By Jordan Brown
The chant rang around Tehrir Square over the weekend—the chant of the revolution, the chant that brought down deposed Mubarak, ‘The people want to bring down the regime!” They shouted it this time for a new leader, the democratically elected Mohammend Morsi—a man who is suddenly discovering the confines of power, the limits of his reach.
Somewhere in London a dour Frenchman was ending his day, and if he were to have seen the scenes in Cairo, heard the chant of the young revolutionaries, it would probably sound to him much like, “You don’t know what you’re doing.” A game as ubiquitous in global culture as football finds itself mirroring many other spheres of human society, none so often as politics, and no role in football is so neatly politicized as Manager.

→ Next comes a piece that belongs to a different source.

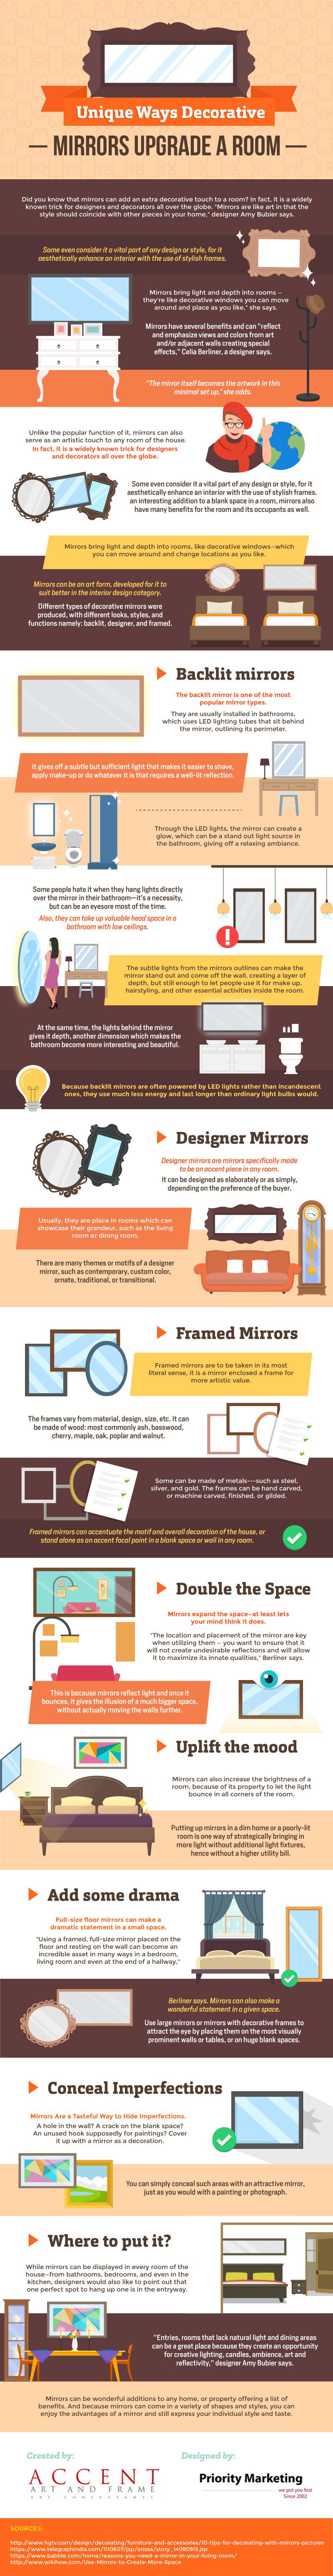 Unique Ways Decorative Mirrors Upgrade a Room [Infographic]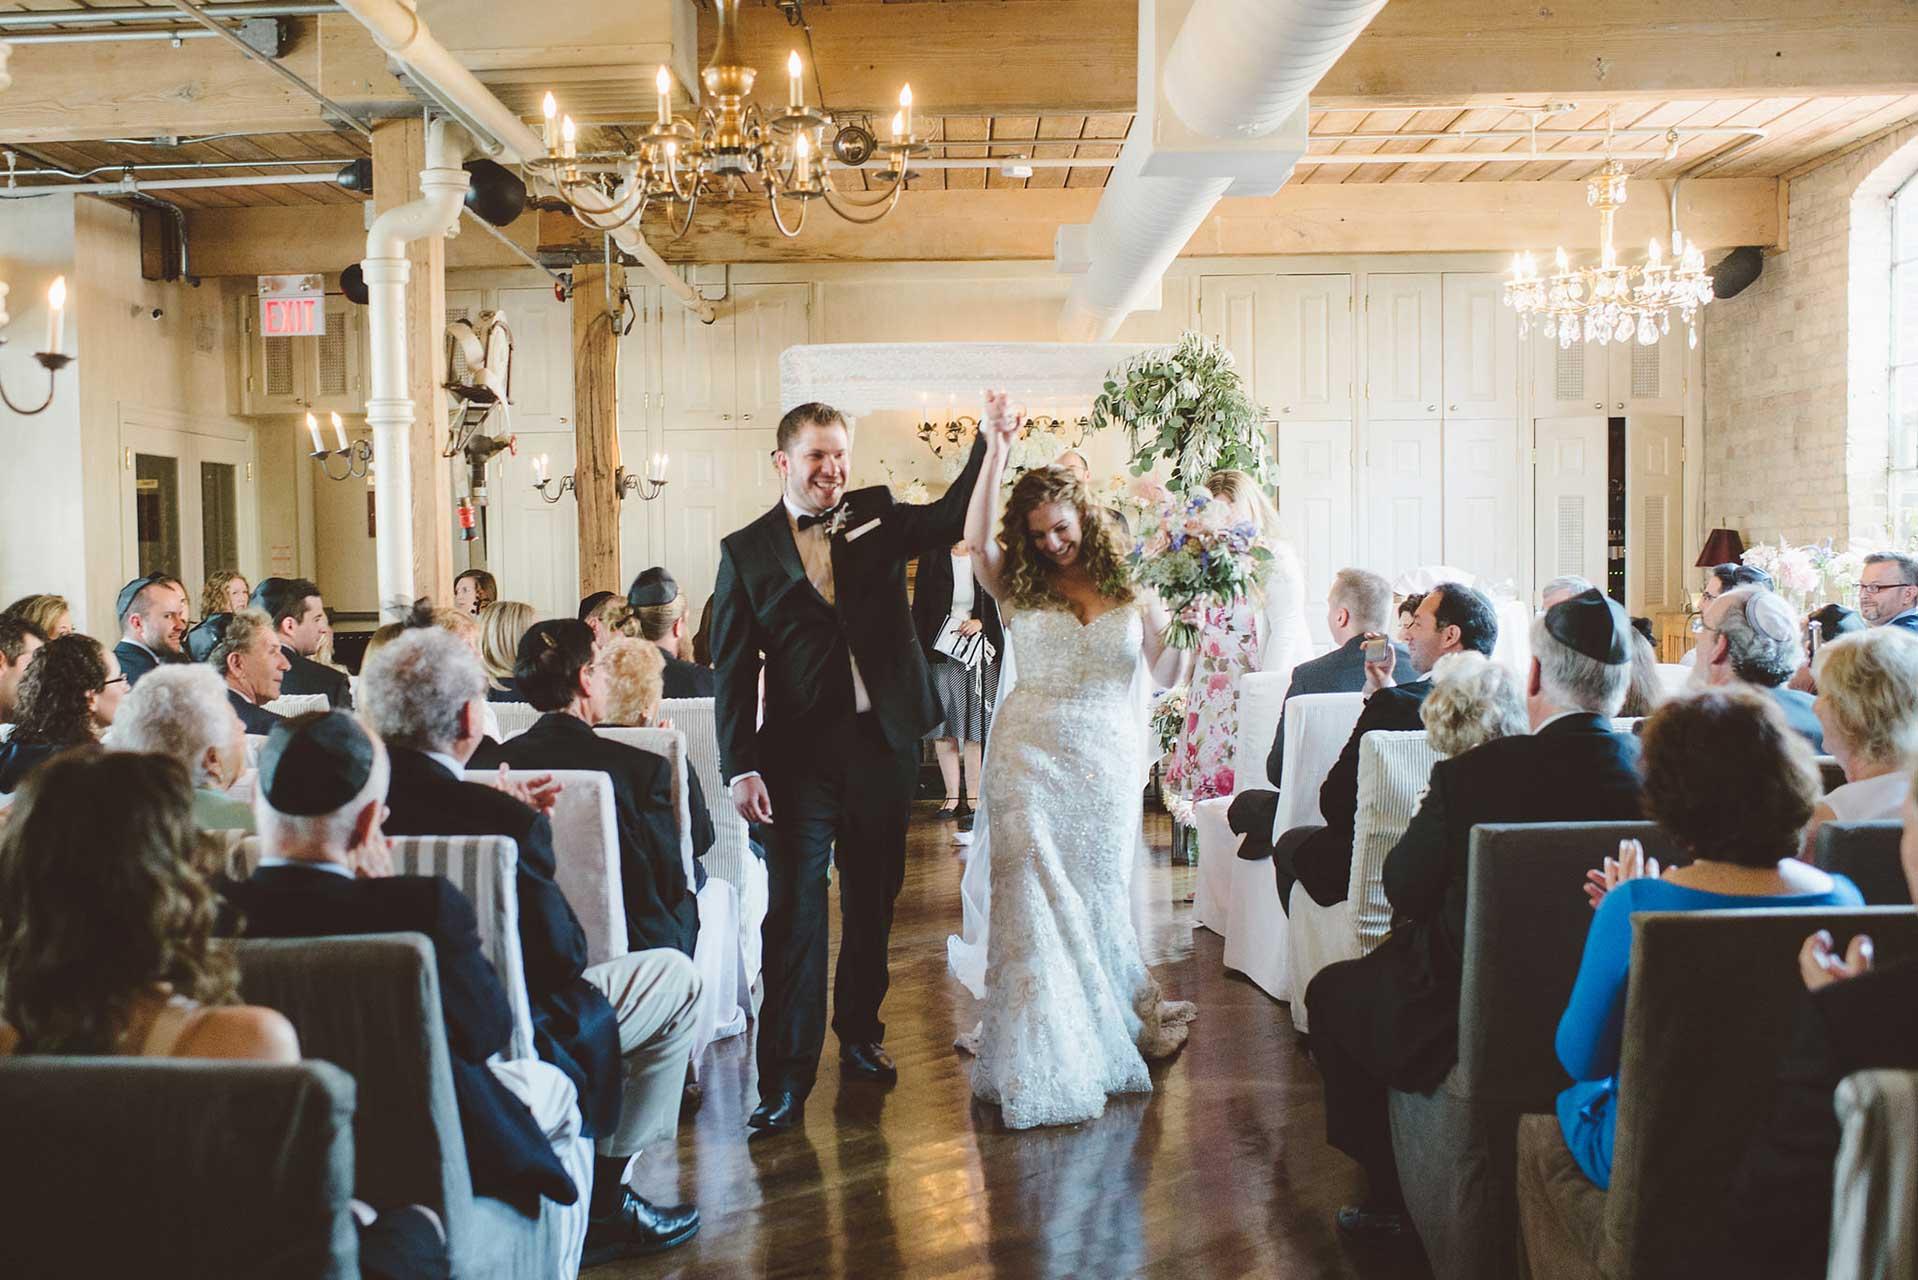 Toronto Wedding Venue - Traditional Jewish Wedding Ceremony - Chuppah

Football is a republic built on popular momentum; it is the modern circus maximus played out in coliseums of steel and glass, and the mobs are still the masters. In every seat of the stands sits a revolutionary, a fan who holds their own individual ideal of their club’s perfection. They know the way their team should play, who they should sign, and exactly what great heights of achievement each season should hold. Their minds are filled with gleaming trophy cabinets and memorable performances, and to all of them the one standing in the way of the dream made life is the flesh and blood man in the puffy jacket pacing the byline in front of them. Everyone is the best fit for the job except for the one who currently holds the title.